Scaling Optimal LR Across Token Horizons
Johan Bjorck, Alon Benhaim, Vishrav Chaudhary, Furu Wei, Xia Song
TL;DR
This work shows that the optimal learning rate for large language model training depends strongly on the token horizon and that this dependence follows reliable scaling laws. By performing a large-scale empirical study, the authors derive a horizon-based scaling law $LR^*(D)=B D^{-\beta}$ and a joint law $LR^*(N,D)=C N^{-\alpha} D^{-\beta}$, enabling hyperparameter transfer across data size without extra overhead. They validate the laws across multiple model sizes and architectures, including a LLama-1 case study that highlights potential mis-tuning when horizon effects are ignored. The findings offer practical, horizon-aware guidance for scaling LLMs and underscore horizon transfer as a critical, previously overlooked aspect of LLM training.
Abstract
State-of-the-art LLMs are powered by scaling -- scaling model size, dataset size and cluster size. It is economically infeasible to extensively tune hyperparameter for the largest runs. Instead, approximately optimal hyperparameters must be inferred or \textit{transferred} from smaller experiments.
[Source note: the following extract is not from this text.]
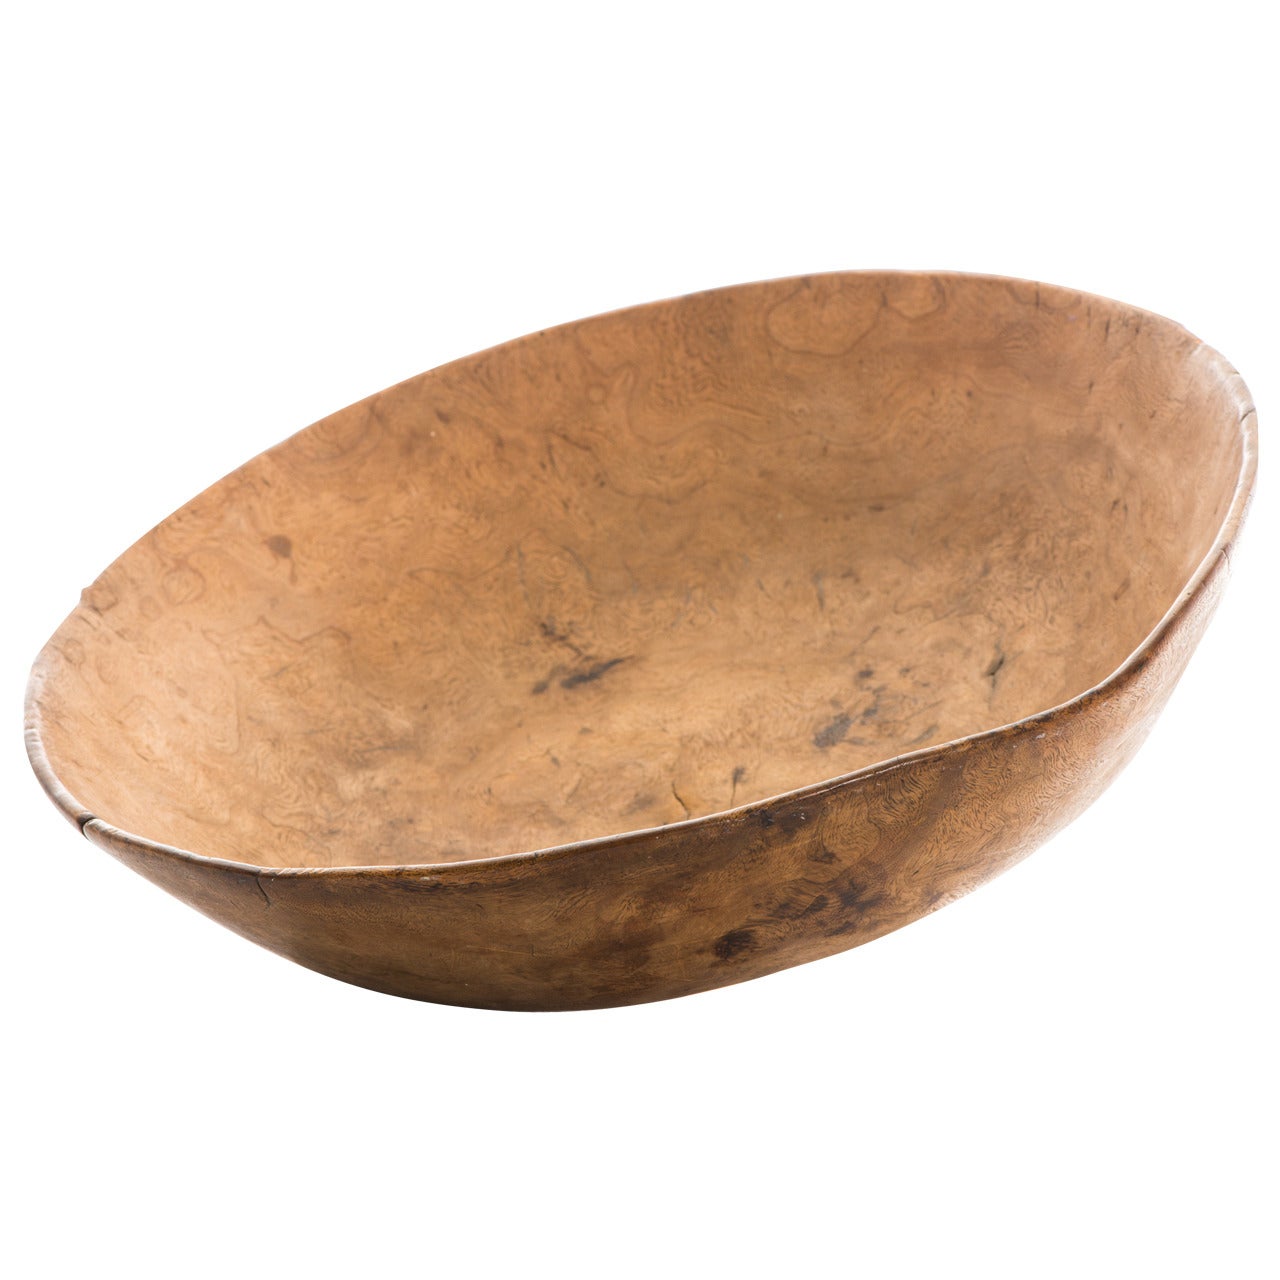 Late 18th to Early 19th Century Large Elm Burl Bowl

Hyperparameter transfer across model sizes has been studied in Yang et al. However, hyperparameter transfer across dataset size -- or token horizon -- has not been studied yet. To remedy this we conduct a large scale empirical study on how optimal learning rate (LR) depends on token horizon in LLM training. We first demonstrate that the optimal LR changes significantly with token horizon -- longer training necessitates smaller LR. Secondly we demonstrate the the optimal LR follows a scaling law, and that the optimal LR for longer horizons can be accurately estimated from shorter horizons via such scaling laws. We also provide a rule-of-thumb for transferring LR across token horizons with zero overhead over current practices. Lastly we provide evidence that LLama-1 used too high LR, and estimate the performance hit from this. We thus argue that hyperparameter transfer across data size is an important and overlooked component of LLM training.